----- Input data -----

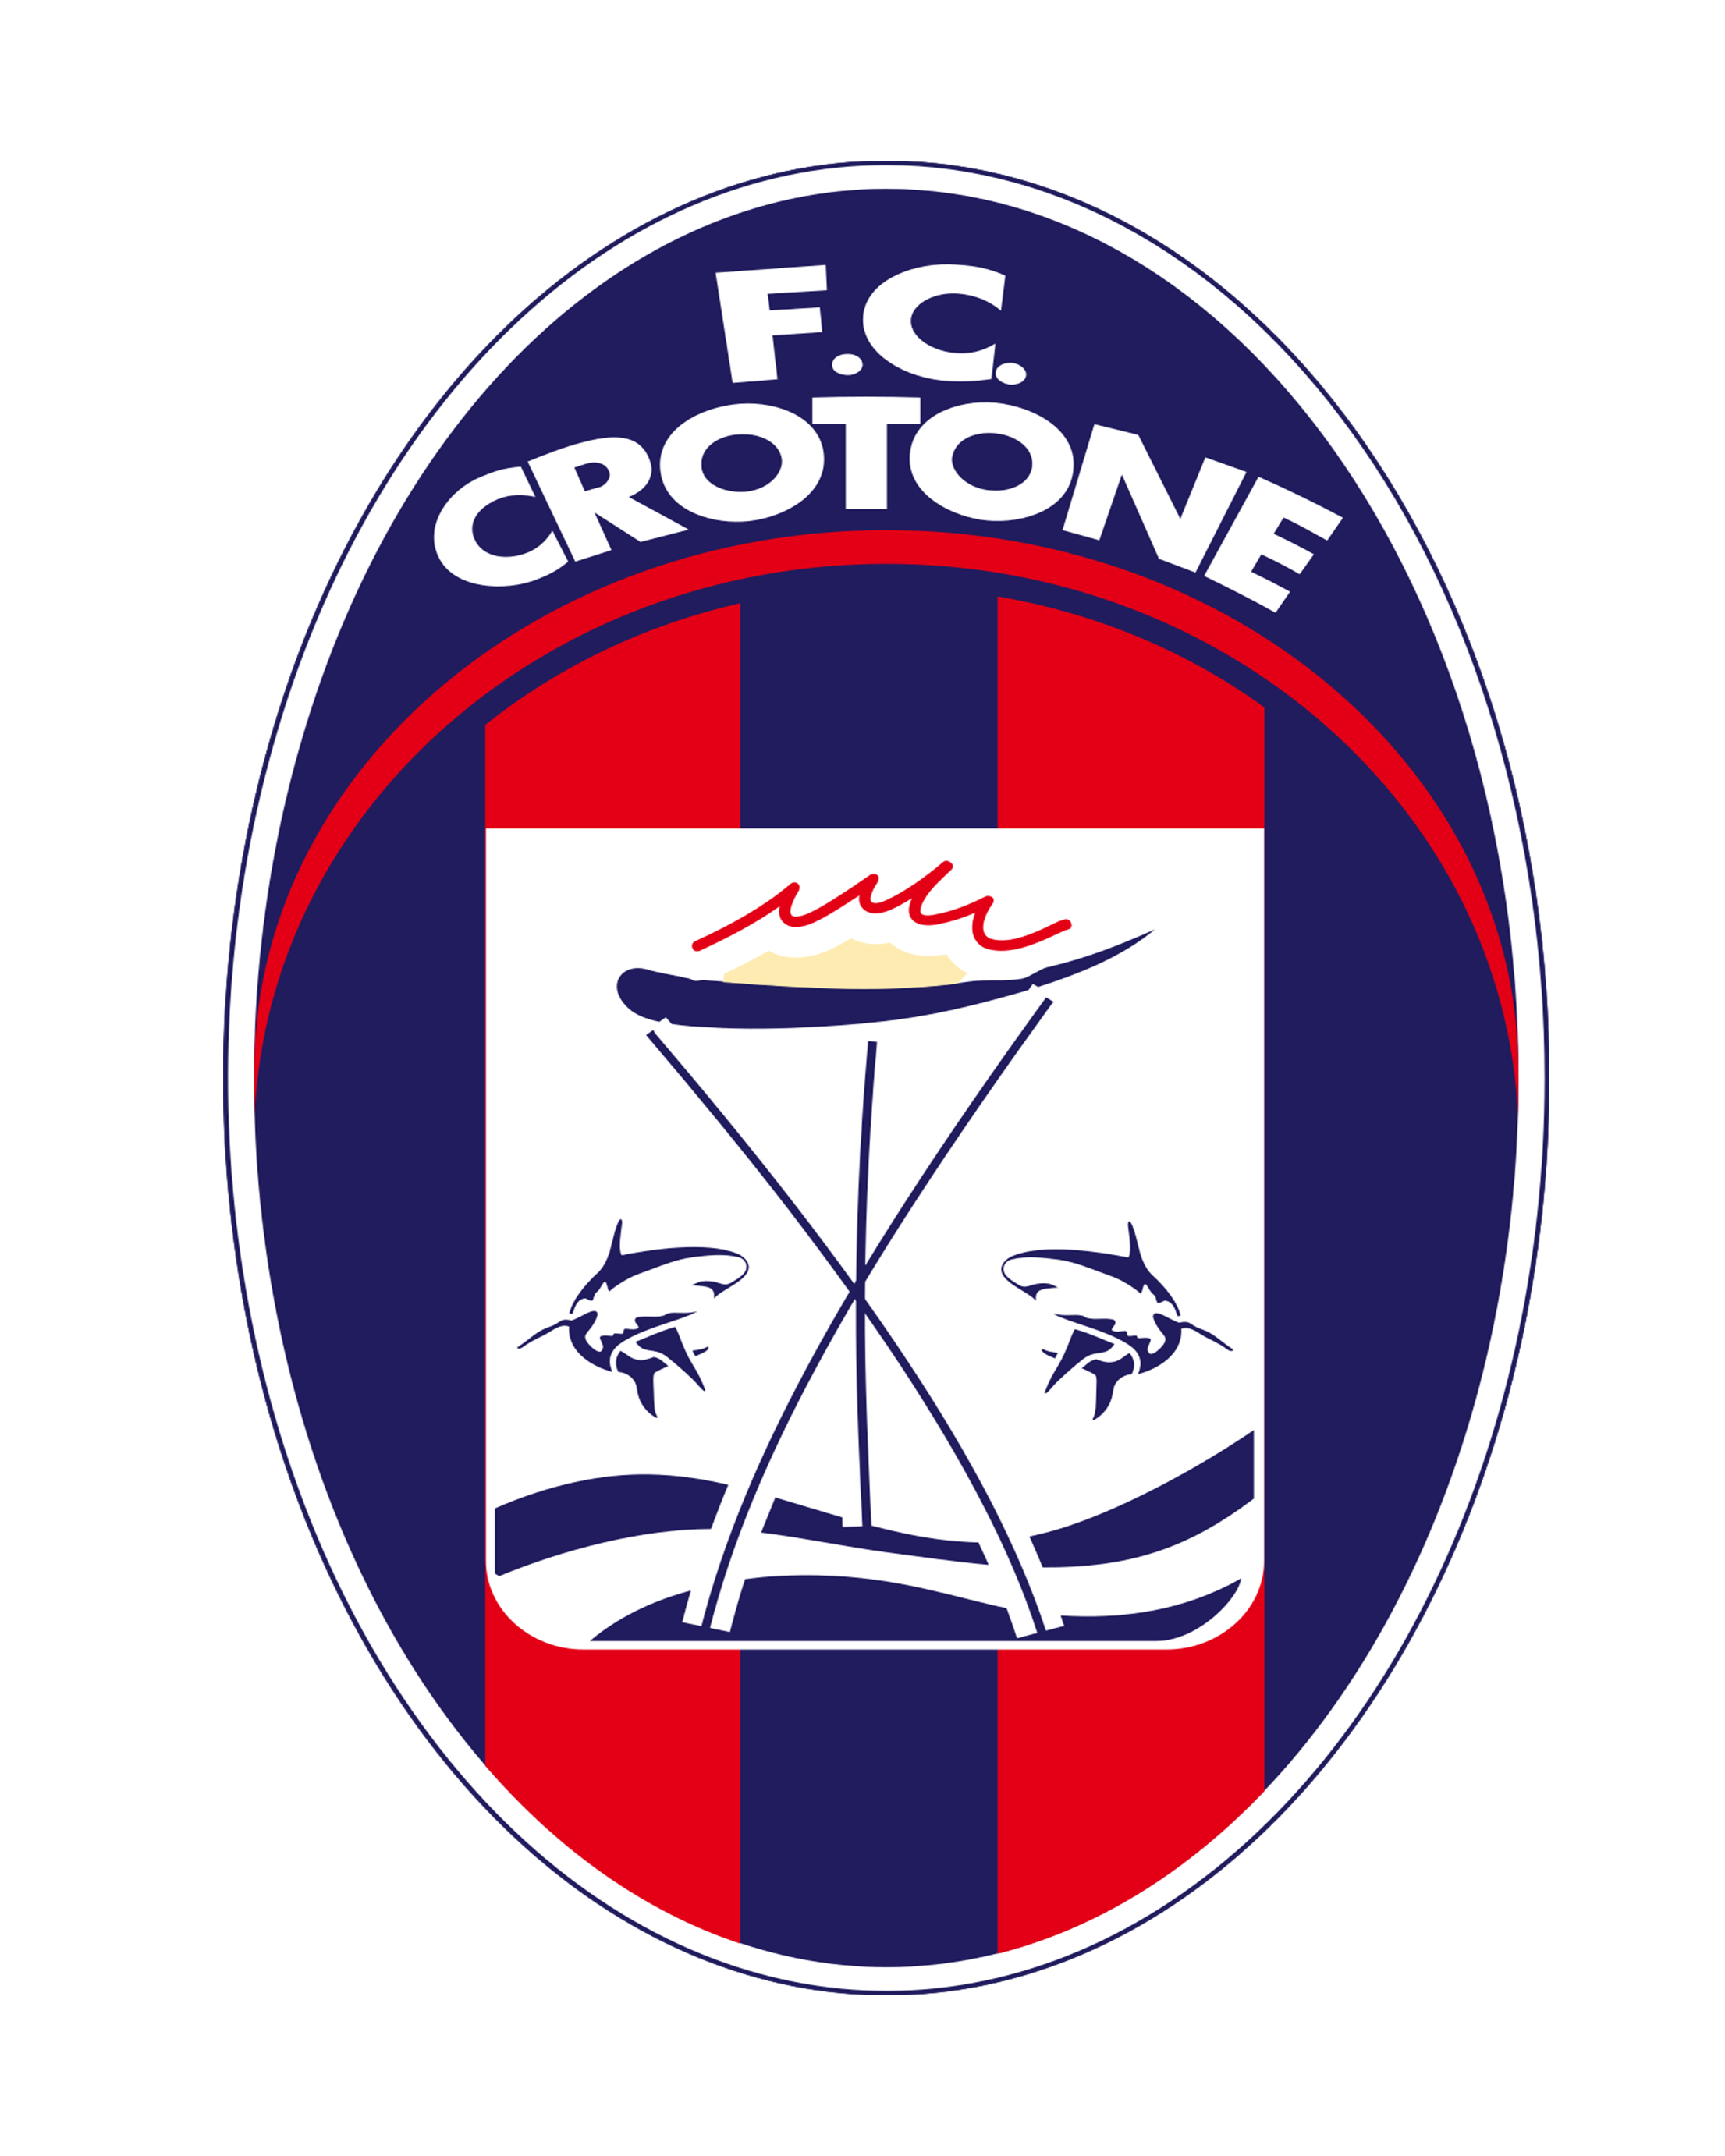 F.C. CROTONE
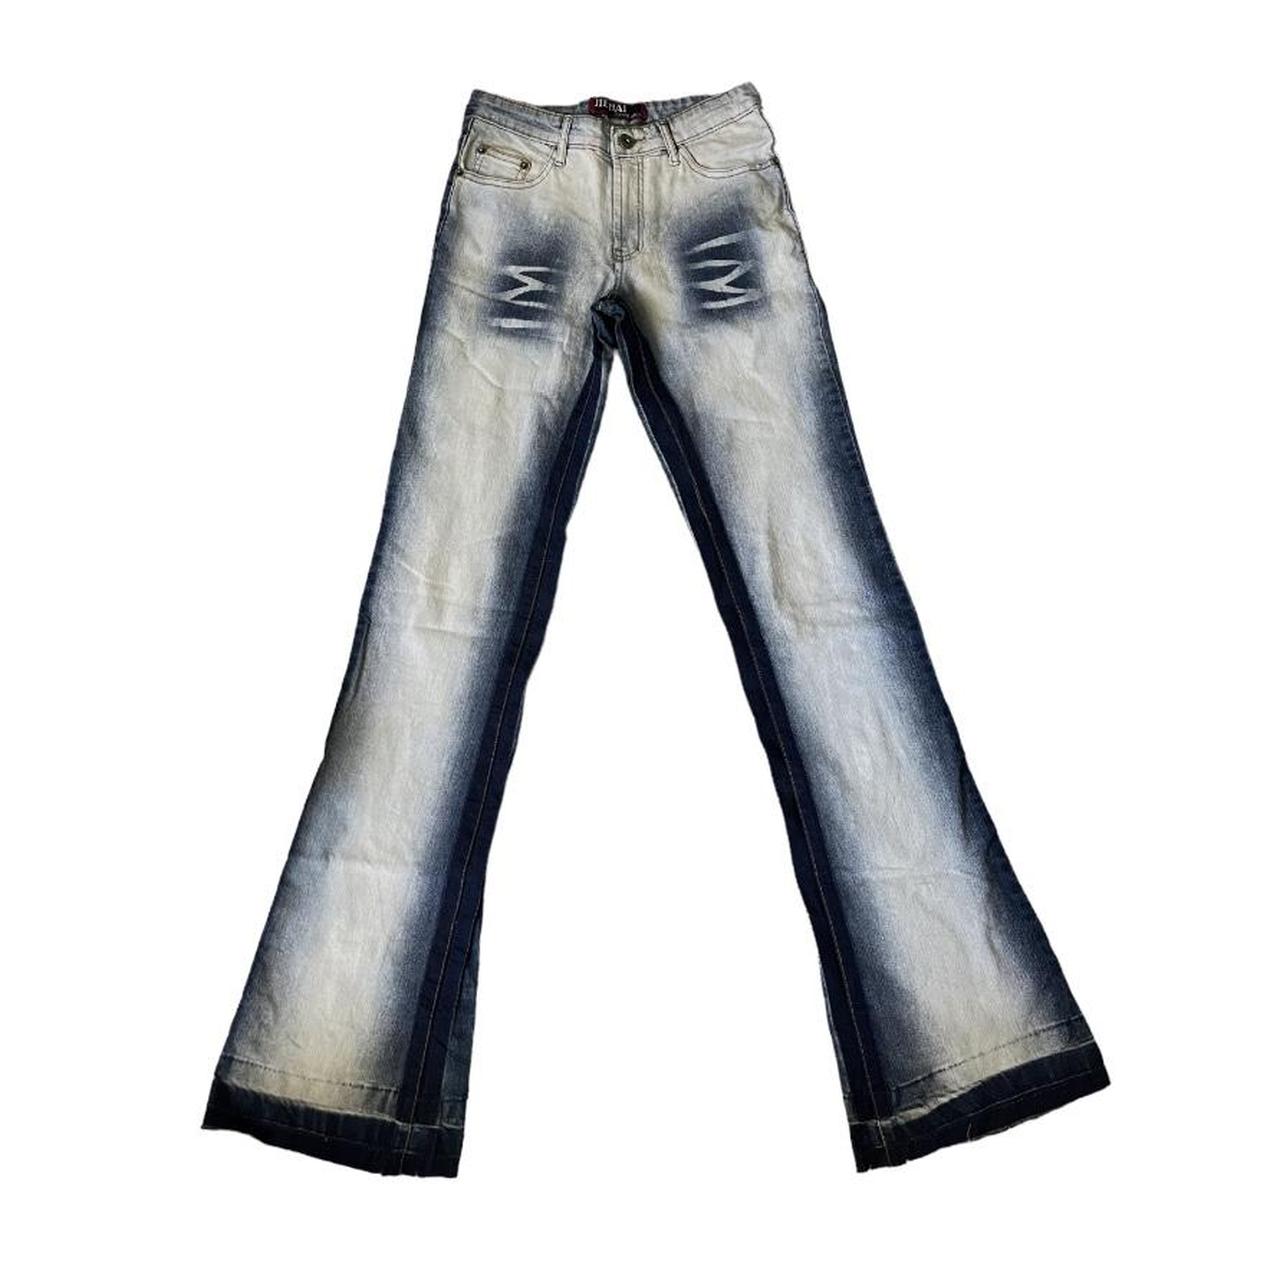 insane y2k flared vintage jeans waist is 26 in - Depop
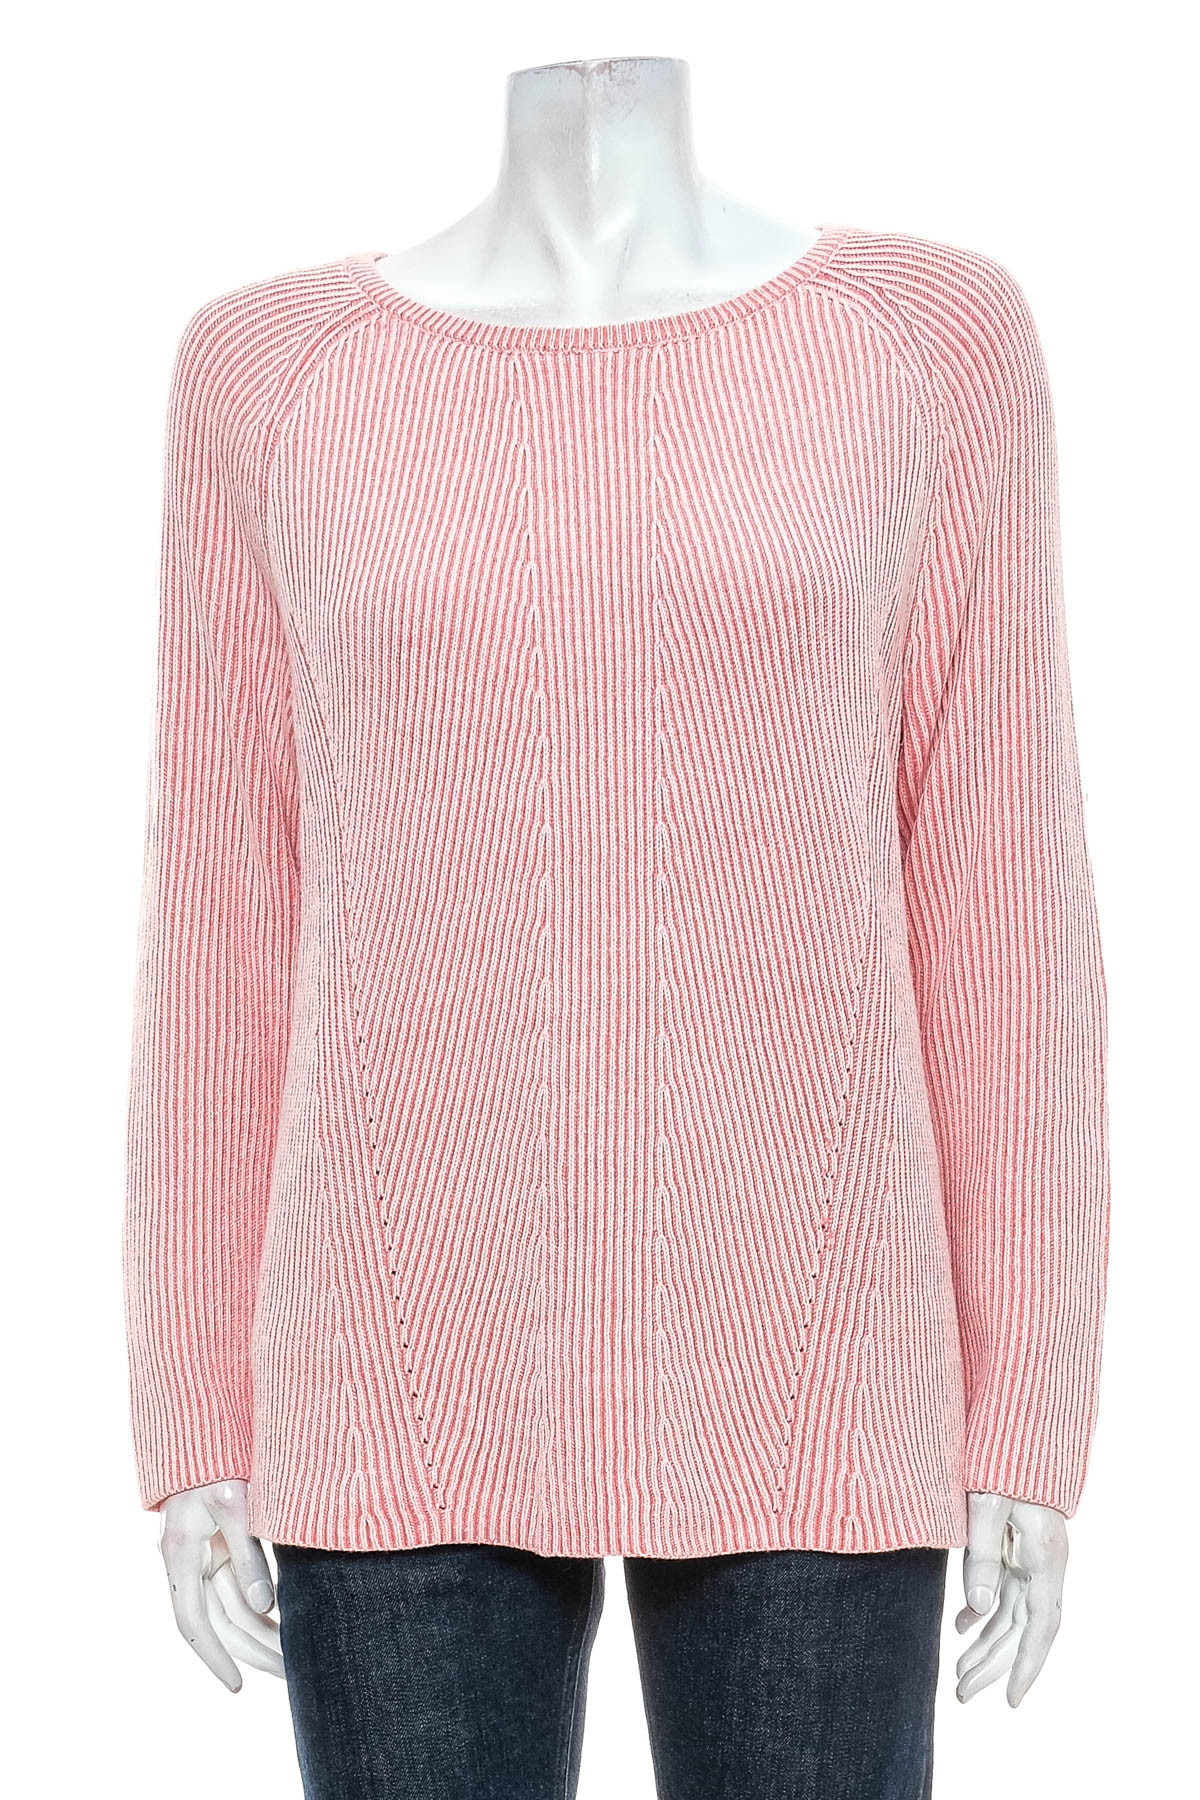 Women's sweater - Betty Barclay - 0

-----

Exercise objective: Could you return the whole listing exactly, images excluded?

Response to the exercise:
 F.C. CROTONE
 insane y2k flared vintage jeans waist is 26 in - Depop
 Women's sweater - Betty Barclay - 0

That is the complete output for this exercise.